In pursuit of his goals, Coast Guard Academy’s Coy Spooner gives cancer the slip
New London ― It was a short night.
Coy Spooner and his U.S. Coast Guard Academy teammates got back to campus at 1 a.m. after wrestling against Stevens Institute in Hoboken, N.J. Spooner got up at 5:45, had breakfast at 6:15 and eased into a workout ― mostly “cardio stuff” meant to elevate his heart rate ― at 8.
His first class of the day, “Politics in Latin America and the Caribbean,” would start at 9:25.
So began Dec. 7, a day like many other days Spooner has relished during the semester that just ended, a semester that seven months earlier seemed like it might be in jeopardy.
In May, Spooner was diagnosed with Stage 3 Hodgkin’s lymphoma, a cancer of the lymph system, part of the body’s germ-fighting immune system.

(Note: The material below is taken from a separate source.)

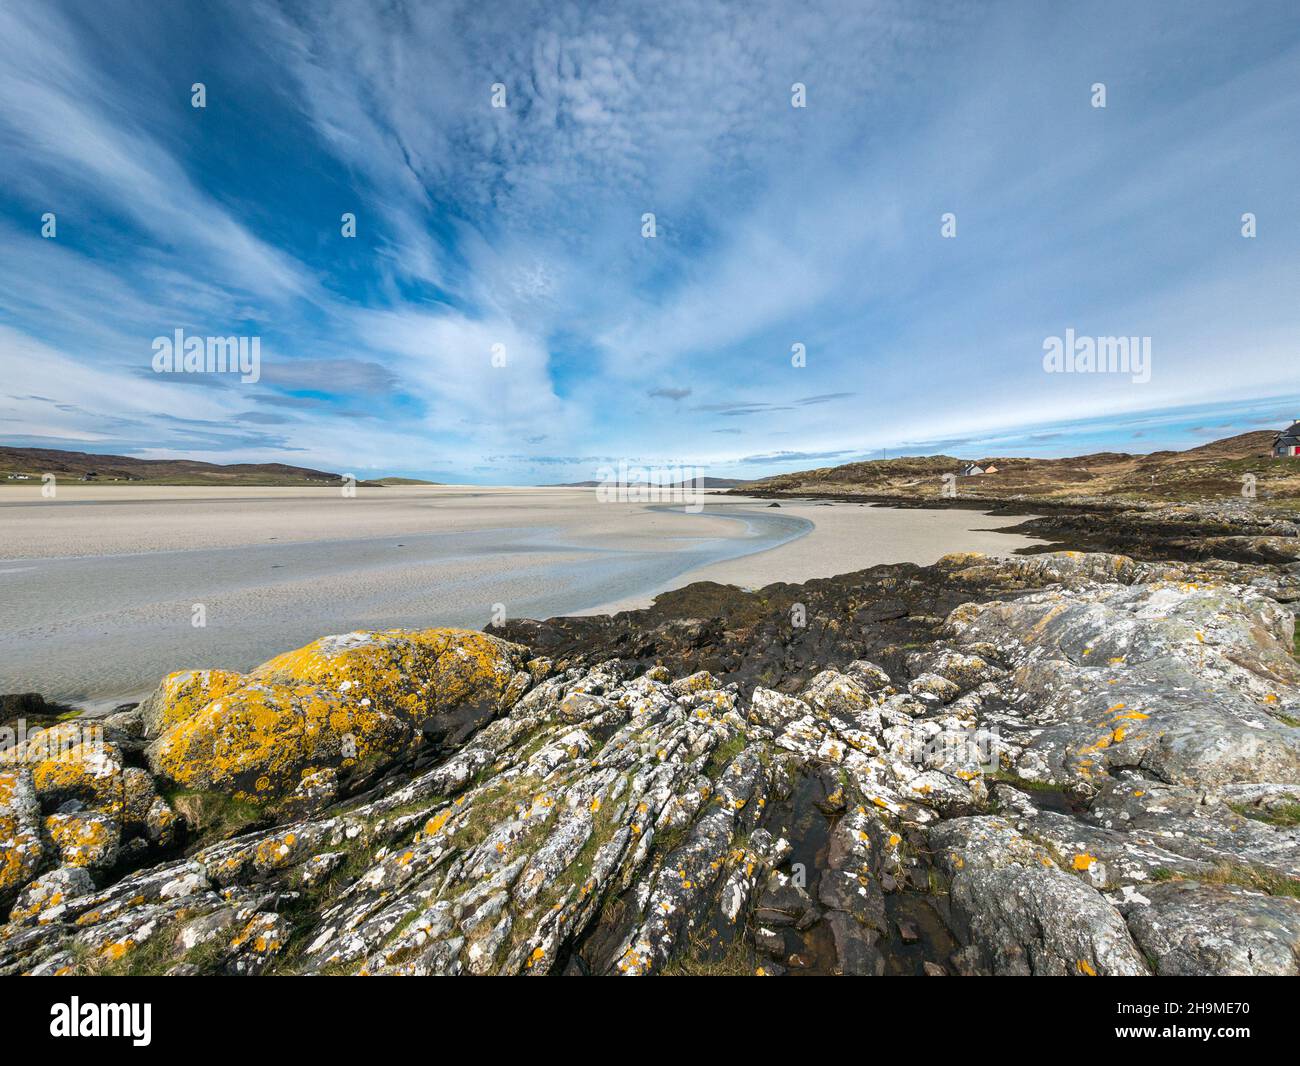 Dramatic blue sky over the beautiful Luskentyre beach (Traigh Losgaintir) on the remote Hebridean Isle of Harris in the Outer Hebrides, Scotland, UK Stock Photo

It was reasonable to think the disease could upend Spooner’s pursuit of his goals, which included graduating with his class this spring; leading the academy’s corps of 1,100 cadets as regimental commander; captaining the wrestling team; and winning an NCAA Division III national championship at 197 pounds, a title that eluded him in March.
But as Spooner and those around him will tell you, the cancer, though formidable, never had a chance.
“I feel like I’m ready now,” Spooner, a two-time Division III All-American wrestler, said that day in early December, as he contemplated resuming intercollegiate competition in January. He had recently begun practicing and traveling with his teammates, but had yet to grapple with an opponent from another school.
The instant he does, he will be ranked No. 2 in the country in his weight class, according to Kevin Bratland, the academy’s head wrestling coach.
The wrestler who upset Spooner in last season’s national championship match, Massoma Endene, of Wartburg College of Waverly, Iowa, figures to be ranked No. 1.
“Wrestling is my passion. It’s what keeps me going,” Spooner said. “I took off seven months, the longest break I’ve had since I was 4 years old.”
Standing tall
As he moves about the academy campus, the slender, 6-foot-4 Spooner is easy to spot.
But it’s his status as regimental commander and his confident, affable air that have made him especially familiar to his peers and superiors alike, all of whom exchange acknowledgments with him as they pass.
“Cadets don’t salute each other, but the deference is there,” Cmdr. Aaron Casavant, the academy’s assistant commandant of cadets, said of much of the corps’ obvious respect for Spooner. “He’s well liked.”
In his role as regimental commander, Spooner, who heads a leadership team that includes 10 other cadets, is responsible for the corps’ functioning, Casavant said. When the corps receives marching orders, it’s Spooner’s duty to ensure cadets get to the right place at the right time, wearing the proper uniform.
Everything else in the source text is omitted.